Grand Slam singles results
- Australian Open Junior: 1R (2011, 2012, 2013)
- French Open Junior: 2R (2011)
- Wimbledon Junior: 1R (2012)
- US Open Junior: 1R (2011, 2012)

Doubles
- Career record: 29–30
- Career titles: 3 ITF
- Highest ranking: No. 422 (9 March 2020)

Grand Slam doubles results
- Australian Open Junior: 1R (2011, 2012, 2013)
- French Open Junior: 2R (2012)
- Wimbledon Junior: 2R (2012)
- US Open Junior: 2R (2012)

Team competitions
- Fed Cup: 10–4 (singles 7–2)

= Emily Fanning =

New Zealand tennis player (born 1995)

Emily Fanning (born 13 June 1995) is a former tennis player from New Zealand. Her career-high junior ranking is 38, achieved in July 2012. In her career, Fanning won three doubles titles at tournaments of the ITF Women's Circuit.

==University studies==
Fanning commenced studying Dietetics and Nutrition at Florida State University in 2014. She transferred to the University of Kentucky in 2017 to complete her degree, having played college tennis for both institutions.

==Tennis career==
===2011===
Fanning made her WTA Tour debut when given a wildcard into the singles qualifying at the Auckland Open, where she lost in the first round to Katie O'Brien. She and fellow New Zealand junior Leela Beattie received a wildcard into the doubles, where they lost in the first round to Johanna Larsson and Jasmin Wöhr. She was voted New Zealand's Female Junior Player of the Year.

===2012===
Fanning received another wildcard into the Auckland Open in 2012, but again could not get past the first round, her conqueror this time being Anne Keothavong. She and Regina Kulikova were given wildcards into the doubles, going out in the first round to the top seeds, and eventual runners-up, Julia Görges and Flavia Pennetta. She played at all four junior Grand Slam events, losing in the first round of singles at each but reaching the second round of doubles at all except the Australian Open, and broke into the world's top 50 juniors.

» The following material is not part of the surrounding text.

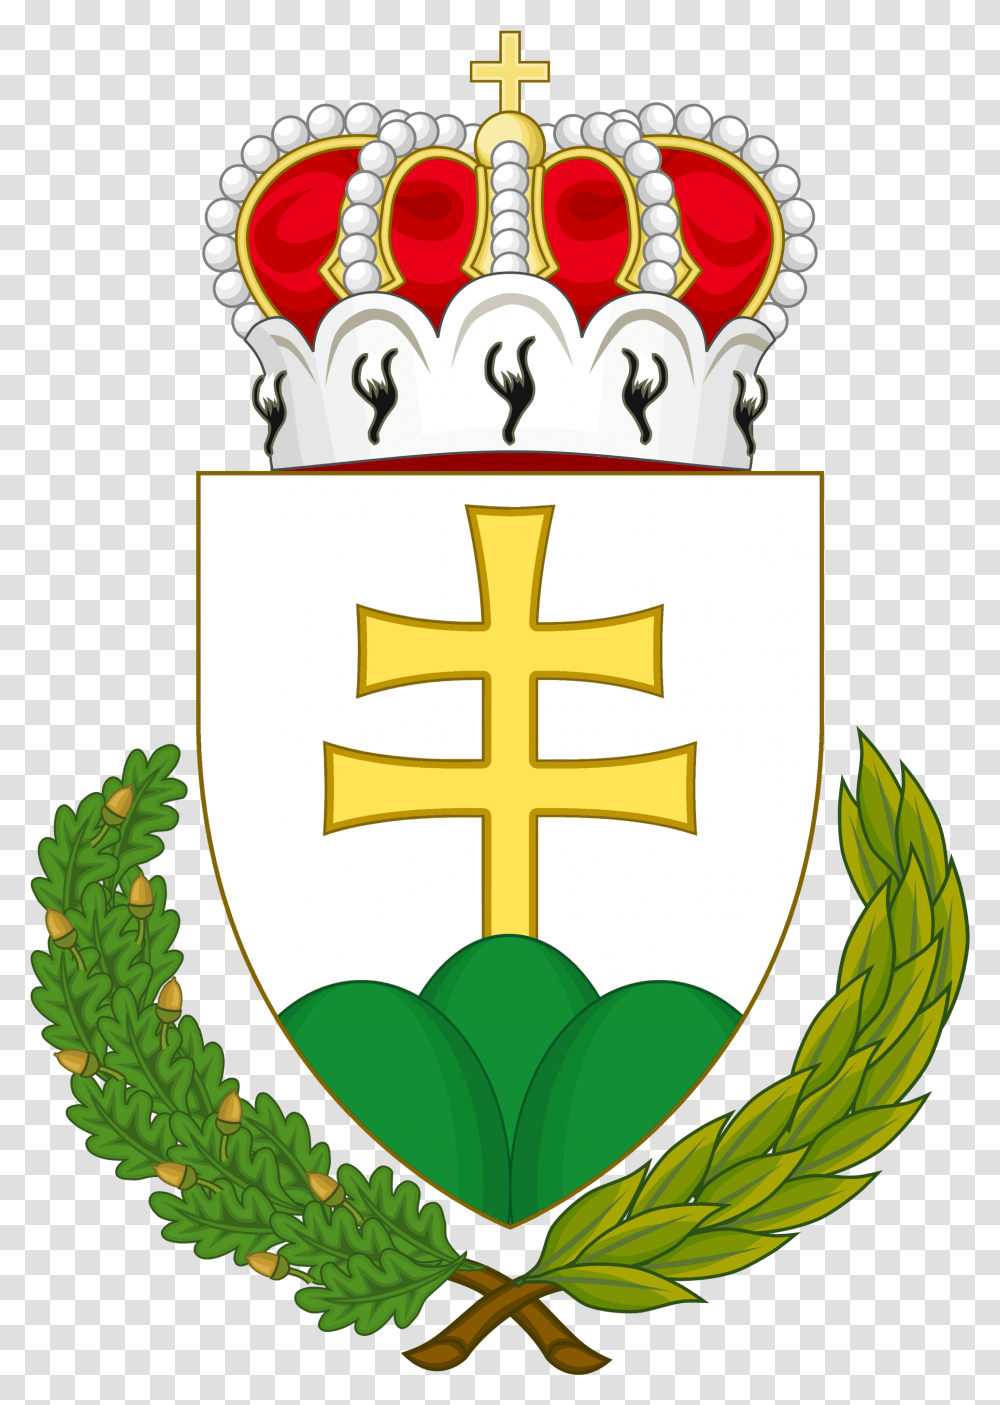 Coa Grandduchy Of Slovakia Peerage Of England, Armor, Shield, Cross Transparent Png
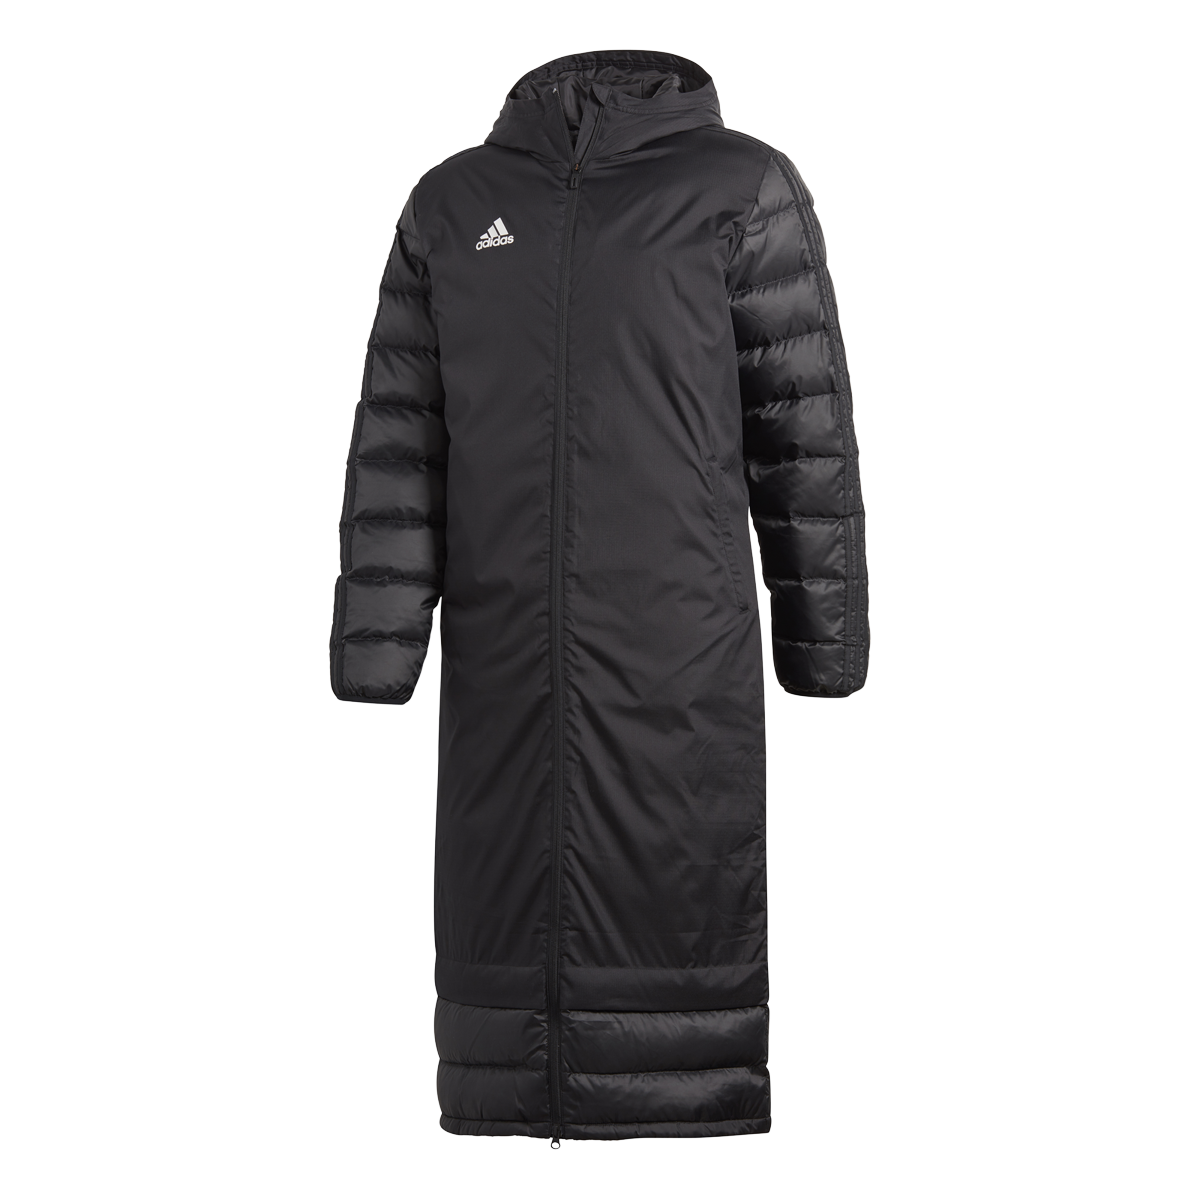 Adidas Winter Coat 18 černá/bílá UK L Pánské

Fanning scored her first ITF main-draw singles win at San Luis Potosí, Mexico, in August, where she and Anett Kontaveit won the doubles title, and reached her first quarterfinal at Bogotá the following month. She was again voted New Zealand's female junior player of the year, and was rewarded with a nomination to the New Zealand Fed Cup team for 2013.

===2013===
Fanning made her debut for New Zealand Fed Cup team in Astana, Kazakhstan, in February 2013. Playing singles only, she competed on all five days, losing only to Venise Chan from Hong Kong. Her win over in the 3rd-4th play-off would be her last open senior match for more than three years while she continued her university studies.

===2016===
Fanning resumed her ITF Circuit career at Evansville in July, losing in the second round of singles to Julia Elbaba. She also played a week later in Lexington, Kentucky, losing in the first round of both singles and doubles, but she then had another year away from the tour.

===2017===
Fanning returned to international play in Sharm El Sheikh, competing for five successive weeks from the start of July. Her best singles result was a quarterfinal loss to Linnéa Malmqvist in the last of those events, but she did better in doubles, reaching the semifinals of the last two tournaments. She was unfortunate to lose the last of those by default, as her partner, Mayar Sherif, had retired injured from her singles match earlier in the day.

===2018===
Fanning's first appointment in the New Year was with the New Zealand Fed Cup team in Bahrain. Playing doubles only, she and Jade Lewis beat the Lebanese pair before Fanning and Katherine Westbury lost to the top seeds Uzbekistan, but beat Pakistan in the 5th-8th play-off.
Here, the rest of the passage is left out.